Avoiding range slice issues in Cassandra

Certain types of query in Cassandra will lead to performing an expensive operation known as a range slice. Under some circumstances, range slices can cause high latency, long GC pauses, and node instability. This article provides advice for identifying and minimising the impact of range slices.

What is a range slice?

Certain types of query in Cassandra will lead to performing an expensive operation known as a range slice. A range slice involves querying the data in an unusual and potentially difficult way.

Range slices may be tempting for several reasons:

They can retrieve data in a way that is otherwise difficult (eg, looking for partition keys based on the value of a clustering key).
They can return multiple partitions, so a single query can retrieve data that would normally require several queries.
They can be used for scanning whole tables.

However, range slices are one of the most common causes of high latency and timeouts in Cassandra. The coordinator may be forced to hold onto a lot of data before returning the query, leading to long and frequent GC pauses. This increase in GC activity can cause high latency and timeouts for other queries running on the cluster. In some cases, range slice queries can crash nodes or make the cluster unstable.

Where possible, we recommend avoiding range slices in production clusters.

How do I know when I am performing range slices?

For clusters running in our managed service fleet, range slice traffic can be found in the metrics graphs on our console – it is one of the metrics shown in the ‘Client multi partition reads and latency’ section. Alternatively, in our monitoring API, the endpoint is ‘n::rangeSlices’.

If you are running Cassandra in your own environment, the metric endpoint is available via JMX. It is a client request metric – the mbean is org.apache.cassandra.metrics:type=ClientRequest, scope=RangeSlice, name=Latency, attribute=Count. Despite the name of the mbean, this attribute is a total count of the number of range slices performed since Cassandra started; it has nothing to do with latency.

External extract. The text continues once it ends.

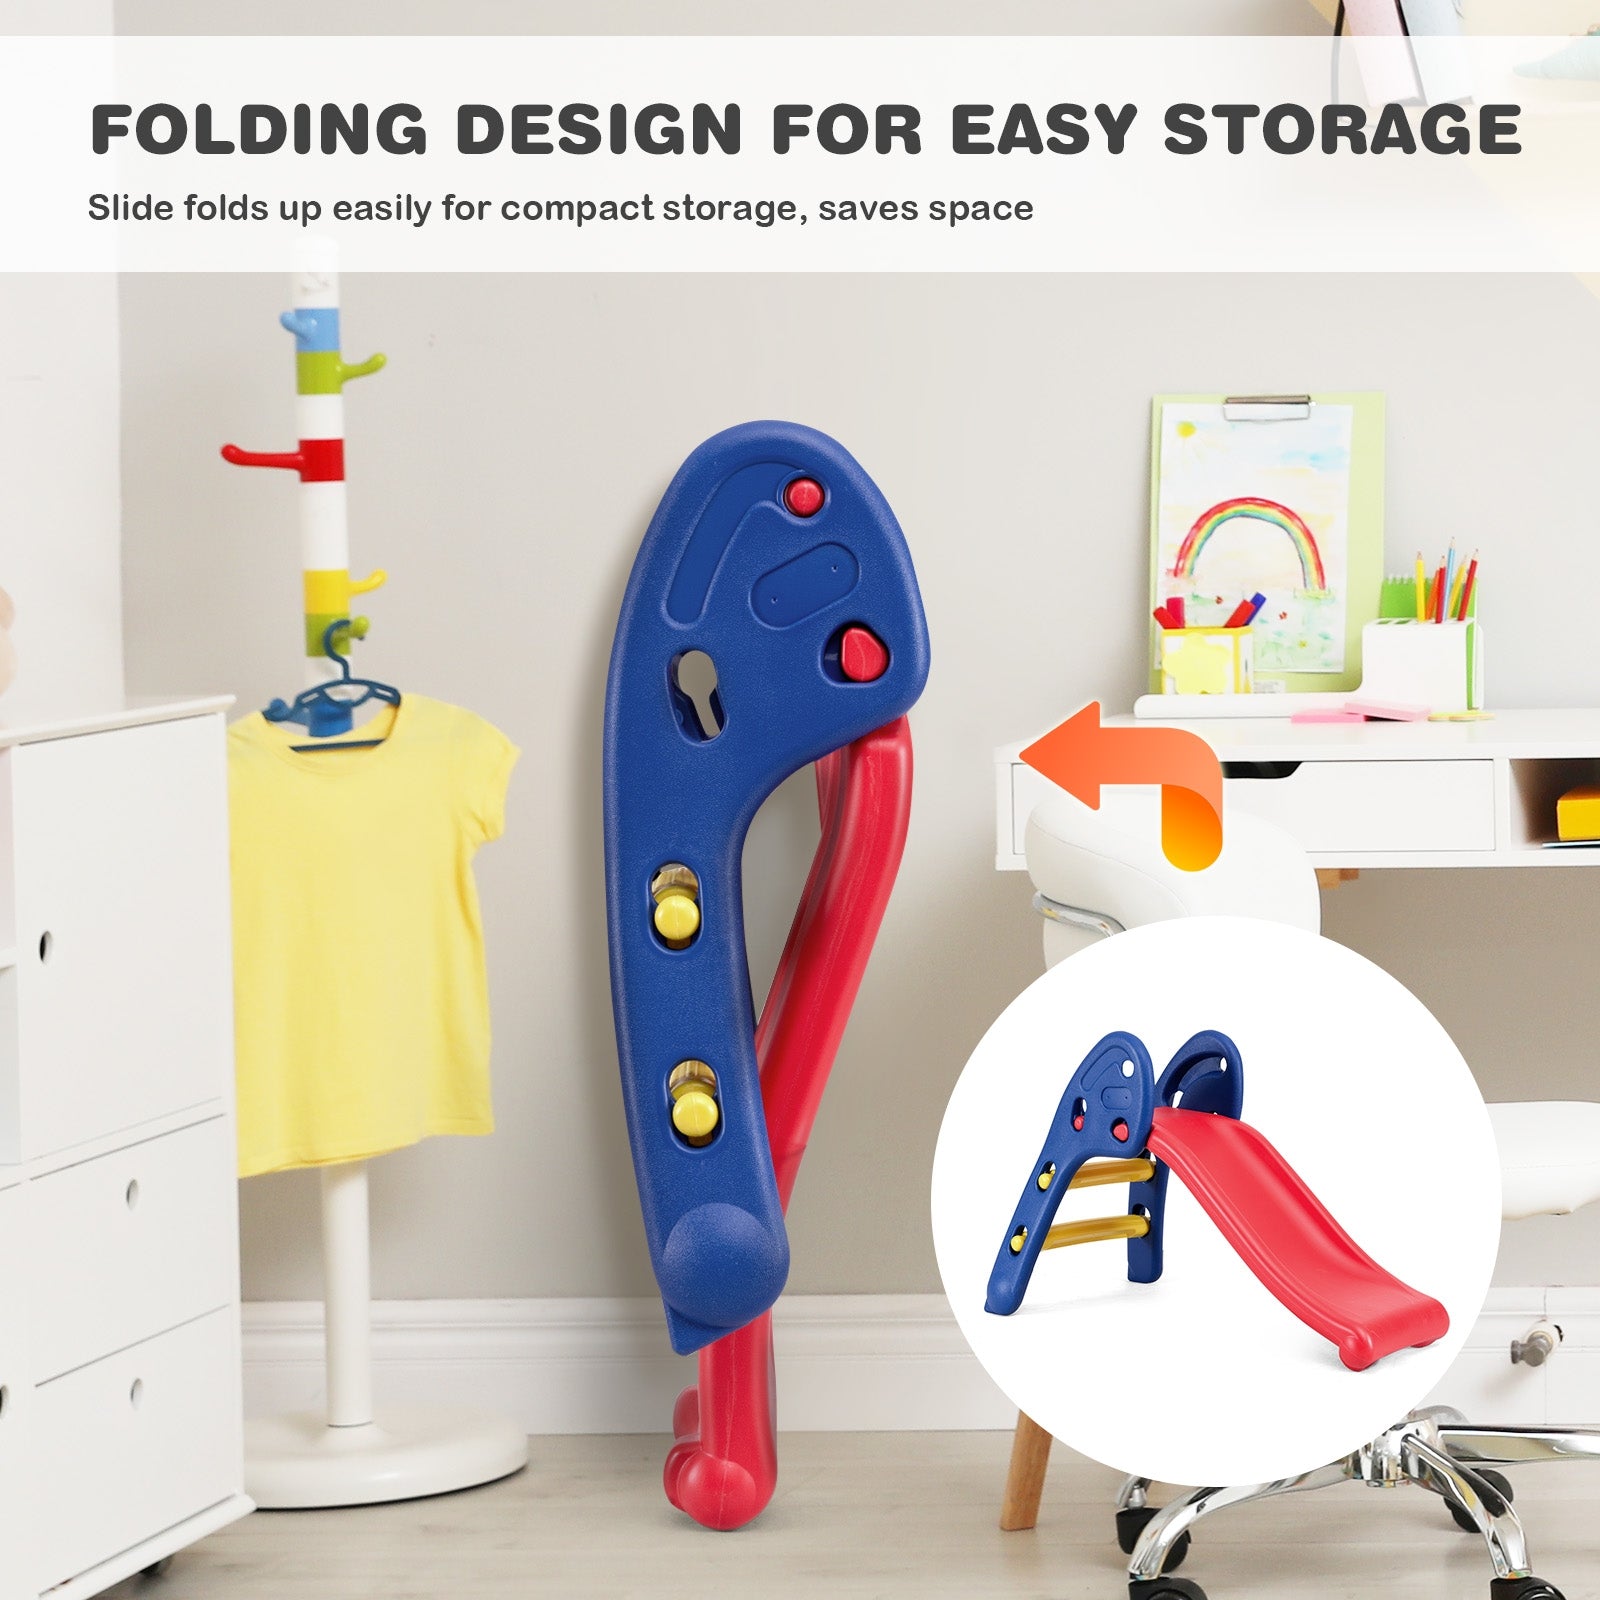 Lightweight and space-saving folding design:  Designed to maximize convenience, our slide can be easily folded and stored when not in use, reducing floor clutter. For added versatility, it can even be hung for storage. Its lightweight and portable construction allows for effortless indoor and outdoor relocation.

It is also possible to find out whether you are performing range slices by examining your queries. A query will be processed as a range slice if it it meets any of the following criteria:

no partition key in the WHERE clause
the IN operator is used on a column that is not a partition key
the TOKEN function is used.

As an example, consider a table with the following schema.

CREATE TABLE IF NOT EXISTS demo.users (
name text,
age int,
data text,
PRIMARY KEY ((name), age)
);

When run on this table, the following queries would all be processed as range slices:

SELECT * FROM demo.users
(no partition key in WHERE clause)
SELECT * FROM demo.users WHERE age > 50 ALLOW FILTERING
(no partition key in WHERE clause)
SELECT * FROM demo.users WHERE (age) IN ((29), (30), (31)) ALLOW FILTERING
(IN statement used on non-partition key)
SELECT * FROM demo.users WHERE token(name) > 15535
(TOKEN function used)

Several of these examples require the ALLOW FILTERING clause. This is an additional problem – the performance of ALLOW FILTERING queries are affected by the amount of data returned by the query (eg. the proportion of items filtered out by a WHERE clause on a non-partition key). As the composition of the data stored in the cluster changes over time, ALLOW FILTERING queries may suddenly start to cause severe performance issues, despite no application code changes and no visible changes in metrics or logs.

How can I avoid problems with range slices?

Where possible, the ideal approach is to stop using range slices. This usually involves:

splitting up one range slice query into multiple queries that hit one partition each, or
creating a new table with different partition keys so that the necessary data can be easily read via partition keys.

There are a few situations where it is hard to avoid using the TOKEN function, and so range slices cannot be avoided. This is usually where it is necessary to iterate through a table and read all the data – eg, migrating data with a custom script, or performing queries with the Spark Cassandra Connector that involve scanning a whole table. In these cases, it may not be possible to move away from range slices entirely, but setting a LIMIT clause with a lower number can reduce the amount of data that is fetched in each query. Throttling the rate at which these queries are performed can also help.

Range slices interact badly with large partitions and high numbers of tombstones, so keeping the rest of your data model healthy can also help limit the performance impact.

By Instaclustr Support